By Sam Instone - January 25, 2017

[Estimated time to read: 9 minutes]

At year-end many of us think ahead and try and make some resolutions for the next 12 months. 

Apart from health promises, financial resolves are top of most people’s list of New Year resolutions. 

If you’re thinking about getting your finances in better shape in 2017, do you need a financial adviser to help you?

You may be surprised that my own opinion is that many people don’t actually need a fulltime financial adviser.

Do you need a financial adviser?

Depending on your personal circumstances, you may be wasting your time and money employing one.

Five things you can expect from this article…

  1. In this post I will help you decide whether you can financially benefit from an adviser’s help or not.
  2. I will also give you a link to a service that can financially quantify whether advice will save, make or just cost you money.
  3. If you would financially benefit from speaking to an adviser, I include a checklist so you can choose a professional advice giver, rather than just a salesperson.
  4. If it’s clear that you don’t need advice, I also give you some ideas about where you can find free information or low-cost help, so you can manage your money on a do-it-yourself basis.
  5. Finally in this article, I give you three tips to help keep an otherwise DIY approach on target.
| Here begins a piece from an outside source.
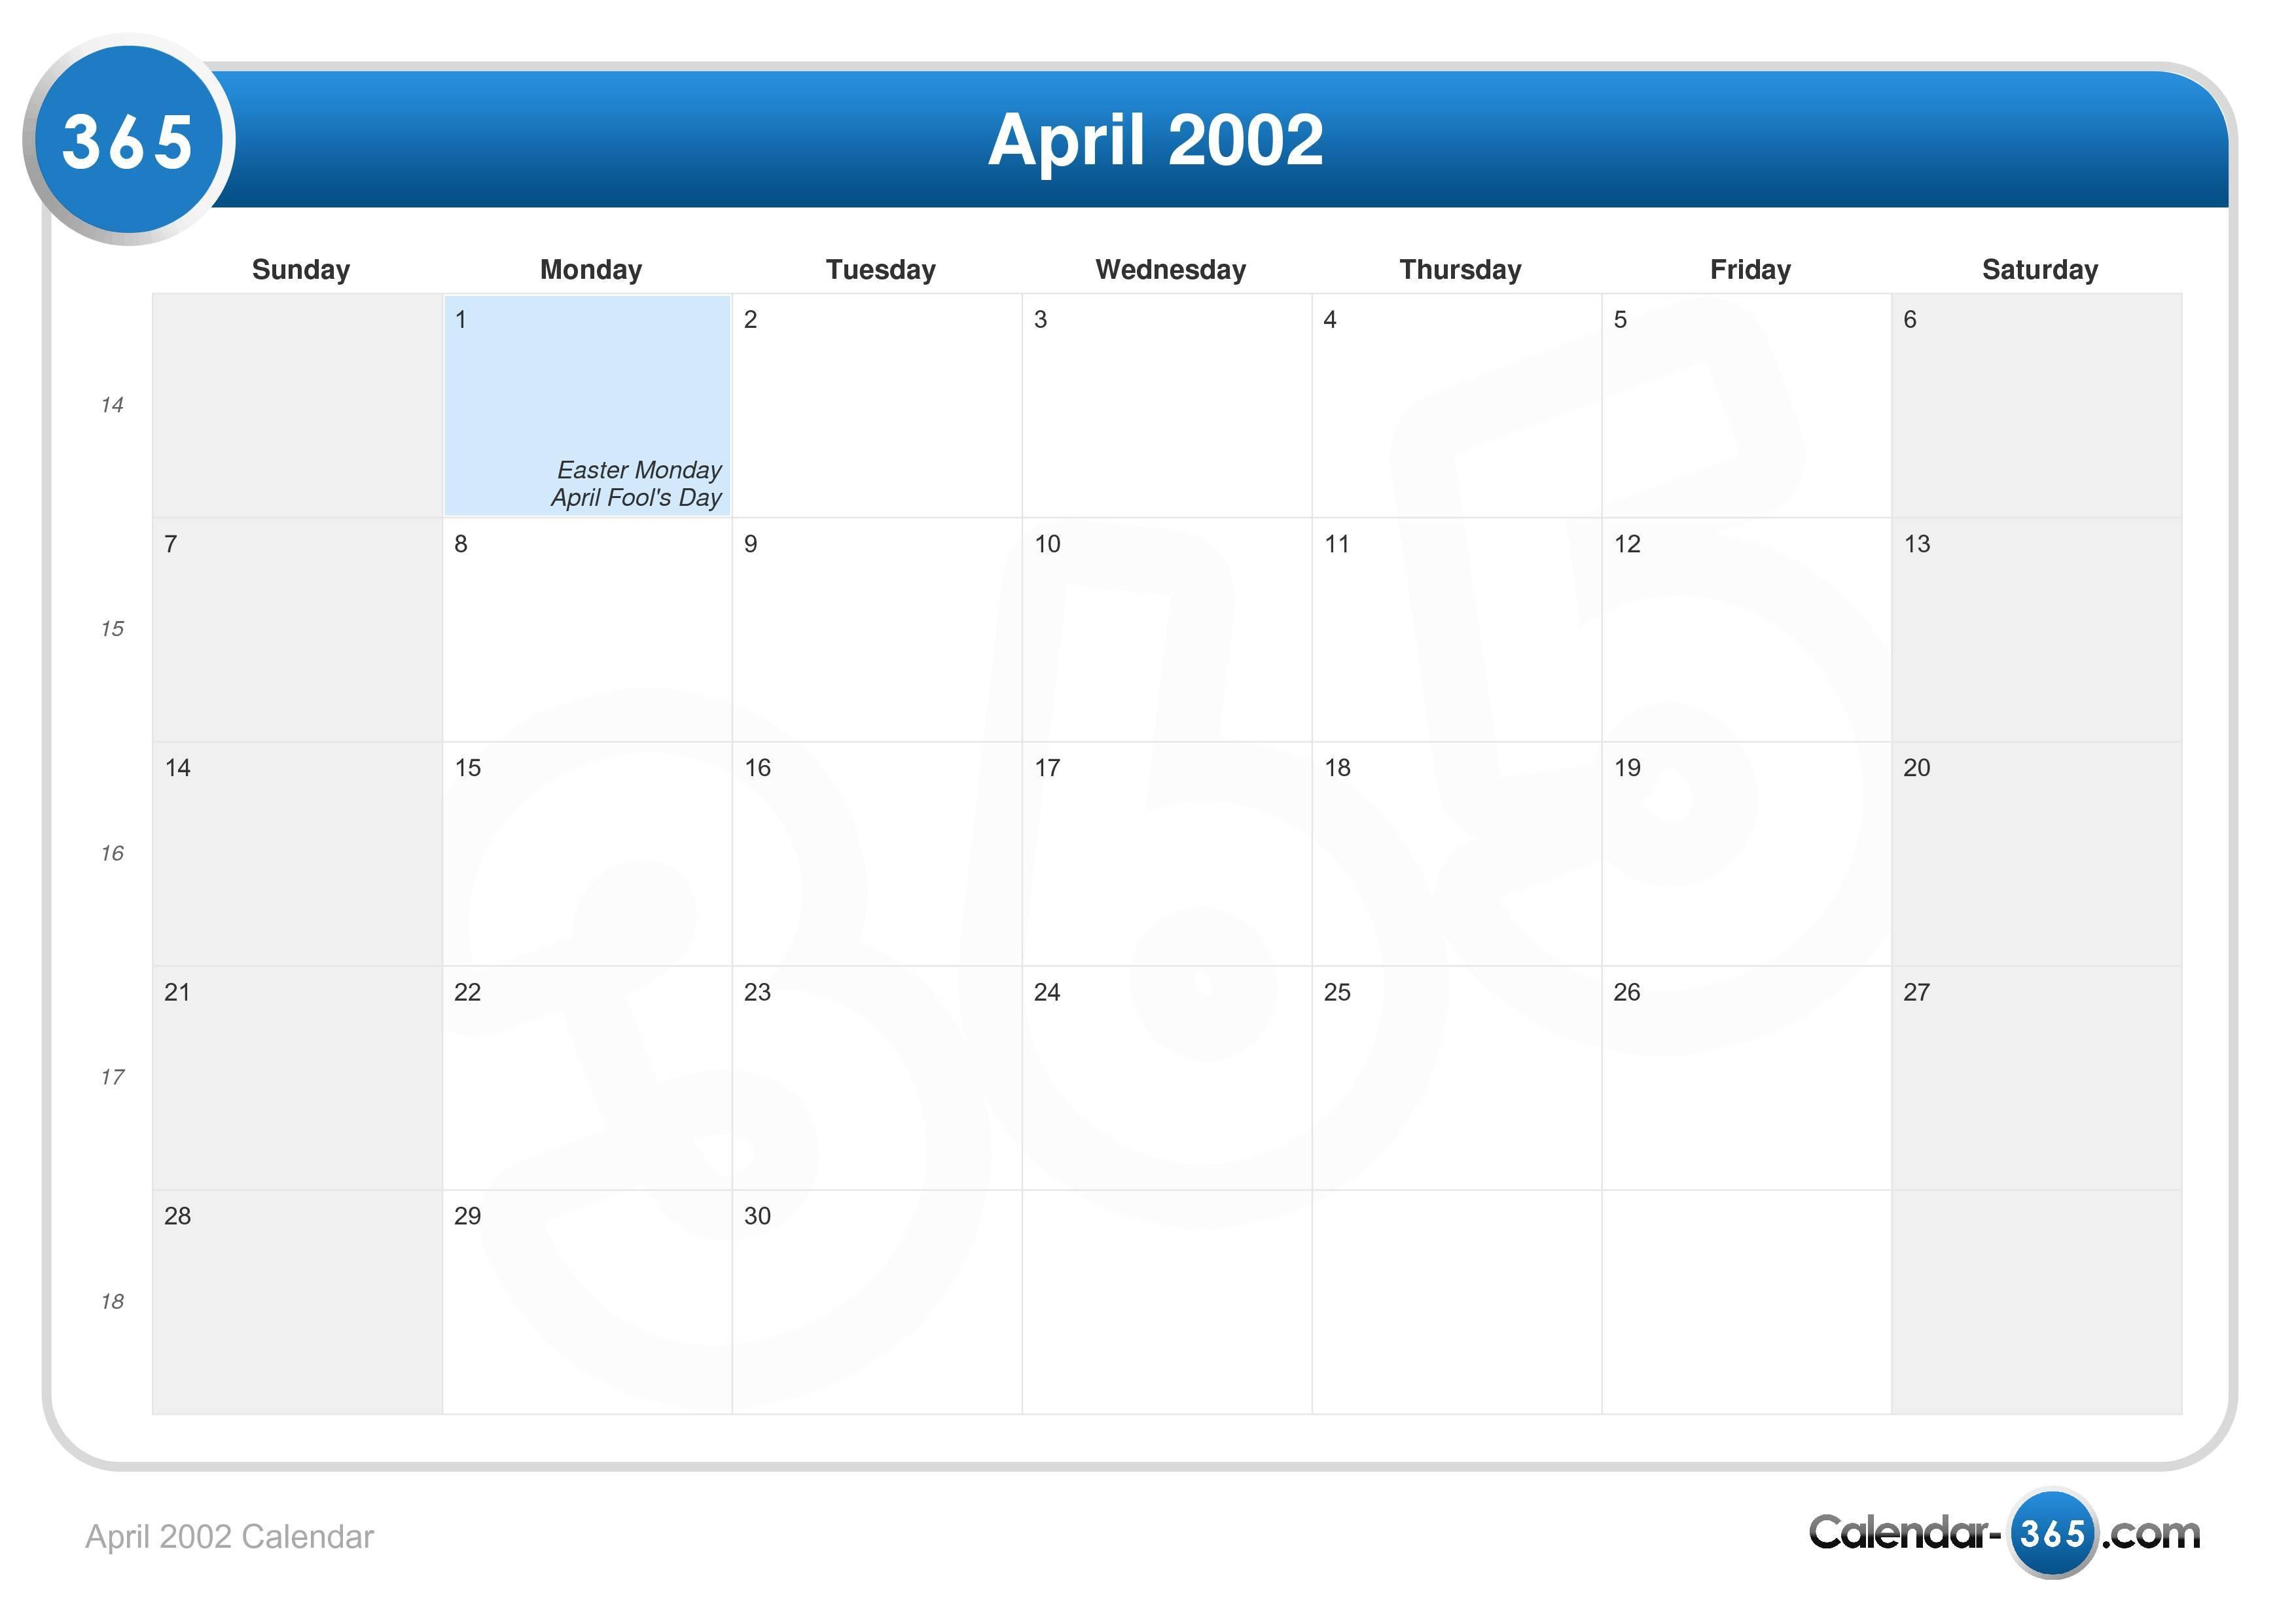 April 2002 Calendar  April 2002 Cale...

#1 – Do you need a financial adviser?

To determine whether you would benefit from financial advice there are three questions you can ask yourself.

First…

How complicated (or otherwise) are your personal financial circumstances?
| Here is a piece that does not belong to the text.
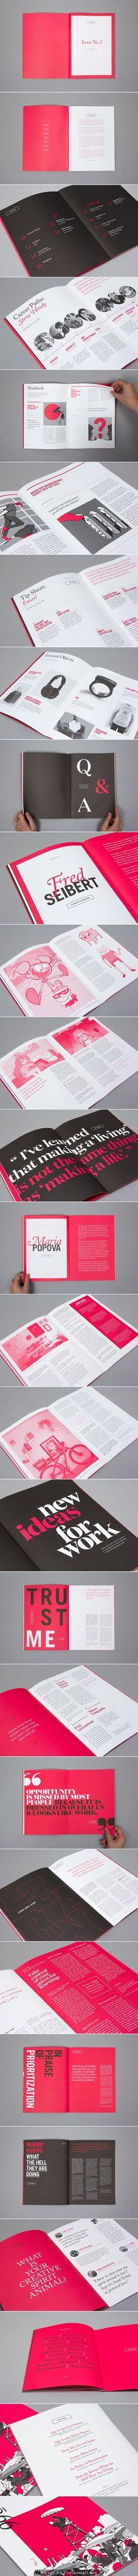 99U Quarterly Magazine :: Issue No.2. Creative direction & design: Raewyn Brandon & Matias Corea. Editorial: Jocelyn K. Glei, Sean Blanda, & Sasha VanHoven. Illustrator: Vincent Mahé.:

As a very simple rule of thumb…the less complicated, the less likely you are to need and indeed benefit from a dedicated financial adviser.

Next, ask yourself this…

How complicated are your long-term financial ambitions – are you on track to achieve them?

Generally, the more complicated or expensive your goals and the further you are away from achieving them, the more likely you are to potentially benefit from some advice.

This can be best illustrated with this example…

If you’re saving to buy a house and you’re already investing regularly, you’re unlikely to need advice.

At the other end of the complexity scale, if you’re looking at generational wealth transfers and estate planning, chances are you need and will literally financially benefit from advice.

Finally, being brutally honest in your answer, ask yourself this…

Do you have the time, the interest and most critically, the calm temperament and discipline to do it entirely alone?

I’m very confident that you have the ability to do-it-yourself, create, manage and rebalance an investment portfolio, and make a successful job of it.

Why am I so confident? 

Because you clearly believe in investing in your own further financial education on an on-going basis, as evidenced by your subscription to receive expert insight from our blog.

However, that doesn’t necessarily mean you have the time.

And far, far more critically, that doesn’t necessarily mean you won’t ever suffer from the behavioural biases that scupper most people’s DIY portfolios.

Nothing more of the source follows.